DIMENSION seniority FROM years
  'Junior' WHEN < 2
  'Mid' WHEN >= 2 AND < 5
  'Senior' WHEN >= 5
;

Pass dimension definitions to fromCSV to use them in your queries:

typescript
const dimensions = `
DIMENSION department FROM dept_code
  'Engineering' WHEN = 1
  'Sales' WHEN = 2
  ELSE 'Other'
;

DIMENSION seniority FROM years
  'Junior' WHEN < 2
  'Mid' WHEN >= 2 AND < 5
  'Senior' WHEN >= 5
;
`

const tpl = fromCSV('employees.csv', { dimensions })

// Now use computed dimensions in your queries
const { html } = await tpl.query('TABLE ROWS department * seniority * salary.sum;')

Computed dimensions work with all TPL features including percentiles:

typescript
// Percentiles partition correctly by the underlying raw columns
const { html } = await tpl.query('TABLE ROWS department * salary.p50;')

Common Patterns ​

Top N by Value ​

sql
-- Top 10 occupations by income
TABLE ROWS occupation[-10@income.sum] * income.sum;

Statistical Summary ​

sql
-- Min, quartiles, max
TABLE ROWS occupation * income.(min | p25 | p50 | p75 | max);

Row Percentages ​

sql
-- Each row sums to 100%
TABLE ROWS occupation * (income.sum ACROSS COLS) COLS education;

Multiple Aggregates ​

sql
-- Show sum, mean, and count
TABLE ROWS occupation * income.(sum | mean) * n;

Nested Totals ​

sql
-- Subtotals per occupation
TABLE ROWS occupation * (gender | ALL "Both") * income.sum;

Formatting ​

sql
-- Built-in formats
TABLE ROWS occupation * income.sum:currency;
TABLE ROWS occupation * income.sum:percent;

-- Custom formats using # as placeholder
TABLE ROWS occupation * income.sum:'€ #.2';

Next Steps ​


Alternative: Using a Full Malloy Model ​

For advanced users who need full Malloy capabilities (joins, multiple sources, complex calculated measures), you can alternatively provide a complete Malloy model:

typescript
import { createTPL } from 'tplm-lang'

const MODEL = `
source: sales is duckdb.table('sales.csv') extend {
  join_one: customers is duckdb.table('customers.csv') on customer_id = customers.id

  dimension:
    region is pick 'North' when region_code = 1 else 'South'

  measure:
    profit_margin is (revenue.sum() - cost.sum()) / revenue.sum()
}
`

const tpl = createTPL()
const { html } = await tpl.execute(
  'TABLE ROWS region * revenue.sum COLS quarter;',
  { model: MODEL, sourceName: 'sales' }
)

Percentile Limitation

When using createTPL() with a custom Malloy model, percentile aggregations (p25, p50, p75, median, etc.) are not supported. Use the fromCSV(), fromDuckDBTable(), or fromBigQueryTable() approach instead if you need percentiles.

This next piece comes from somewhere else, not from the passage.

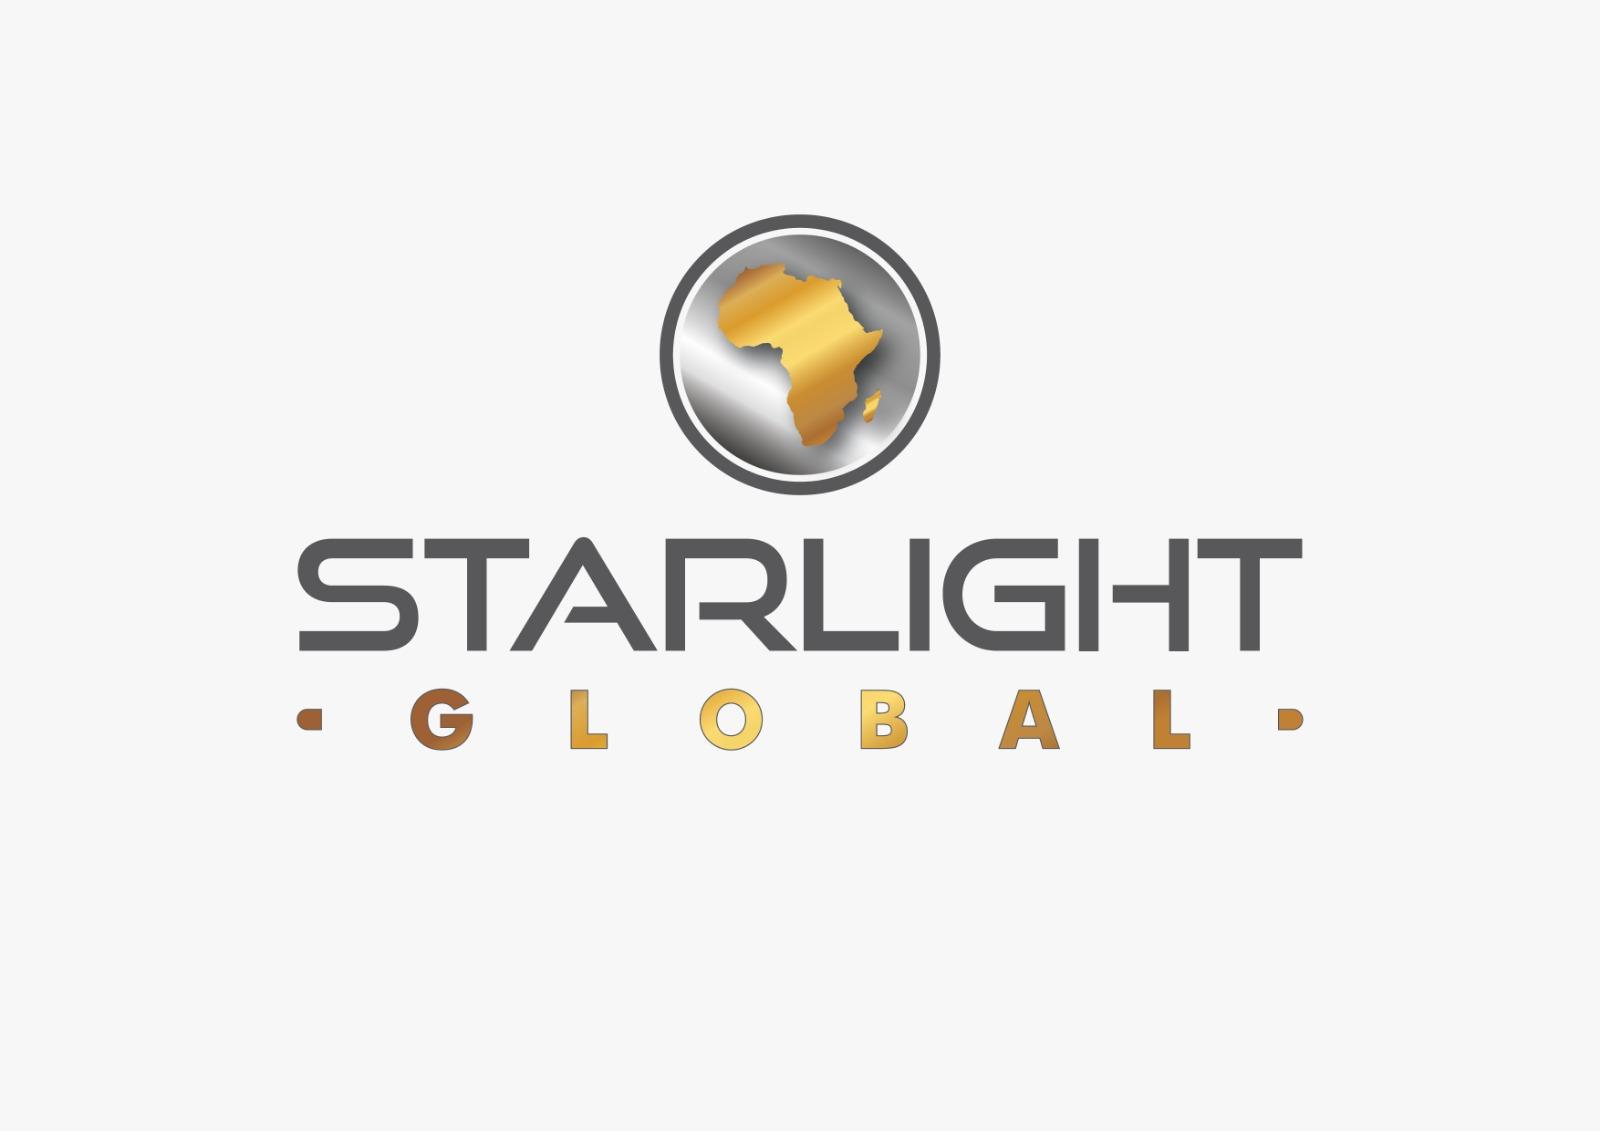 Starlight Global

When to Use Full Malloy Model ​

  • Joining multiple tables
  • Complex calculated measures that TPL can't express
  • Migrating existing Malloy models to TPL
  • Advanced Malloy patterns (views, refinements, etc.)

For most use cases, the fromCSV() / fromDuckDBTable() / fromBigQueryTable() approach with .extend() is recommended.